Plus, the actual behavior does not fit with these instructions decoding, the chip does something else. (for instance not a branch to @SP, but a "push PC"...) Is there somebody from TI (or anywhere else) that could confirm how the decoding really works in such cases ?

We already have fixed this bug to avoid such a situation, but we really have to understand what's going on inside the chip to minimize any risk out there.

Thanks a lot for your help.

Sebastien

3 Replies

  • The maily orthogonal structure of the MSP doesn't know many 'illegal' instructions.
    Easch isntruction word is a combinationof isntruction and parameters, even if this combination doesn't make sense in some cases.
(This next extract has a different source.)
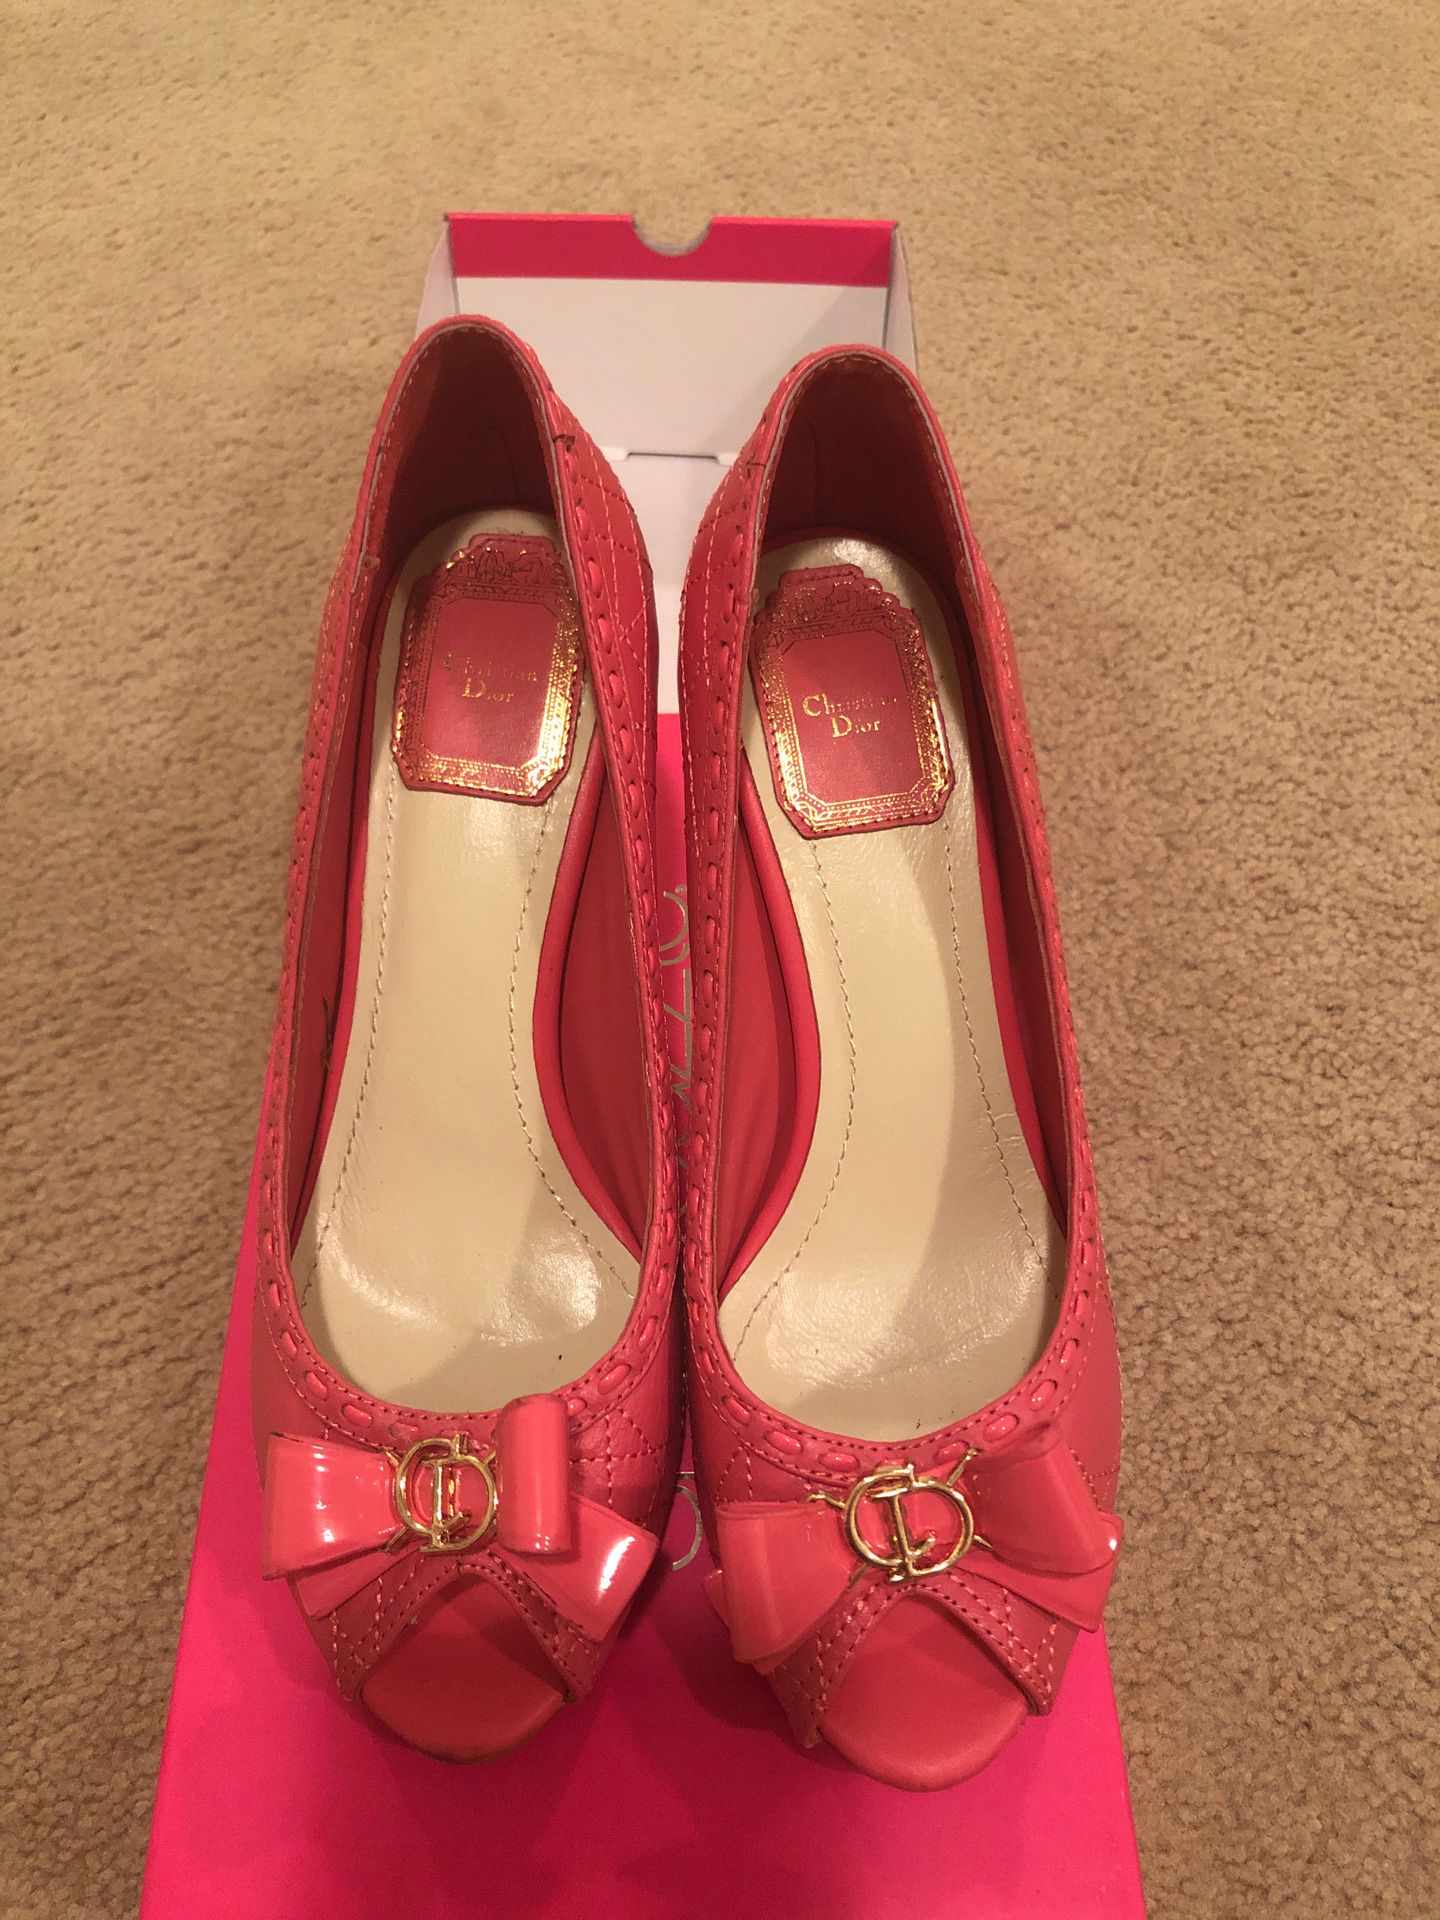 Dior high heels size 7

    BRA @SP, as your disassembler shoews it, is actually an alias for a MOV instruciton with PC as target.

    So BRA @SP is actially a MOVA @SP, PC. Whose instruction code, surprise, is 0x0100. Well, thsi instruction moves the value above top of stack to PC, which doesn't make much sense, but it is a valid instruction.

    the second instruction, MOVA &FCTL2, R9, is a totally valid operation too. It takes a 32 bit value from memory location FCTL2 and moves its lower 20 bits into R9.

    MOVA instruction is available on MSP430X cores only, but the disassembler doesn't know whether you have an MSP430 core or MSP430X core.

    The MSP itself won't trigger a reset when fetching an instruction that isn't  defined. It just executes something unpredictable that somehow matches into the interpretation matrix.
    Those kind of 'illegal opcodes' have often proven useful in the past and were, for example, commonly used on the 6510 processor to significantly speed up salculations such as packign algorithms. However, since there were not defined, they were subject to change on later revisions. and indeed, teh superseding 65SC816 processor re-used these opcodes for completely different tasks.
    That#s why you experience a behavior that doesn't match the disassembly: you apparently don't have an MSP430X core MSP (you didn't write which one you have), so the opcode does 'something' while on the newer MSP430X cores, where it is a defined opcode, it would do what the disassembler tells you.

    The mentioned illegal instruciton fetch reset refers to an instruciton fetch from an illegal position, such as trying to execute the content of the SFRs or vacant memory. This is done by the memory controller and triggered by the fetch, independently of the content fetched (so it would even trigger if it were a 'valid' instruction.
    It is the invalid memory access (or access mode), not the invalid value, that causes the invalid instruction fetch reset.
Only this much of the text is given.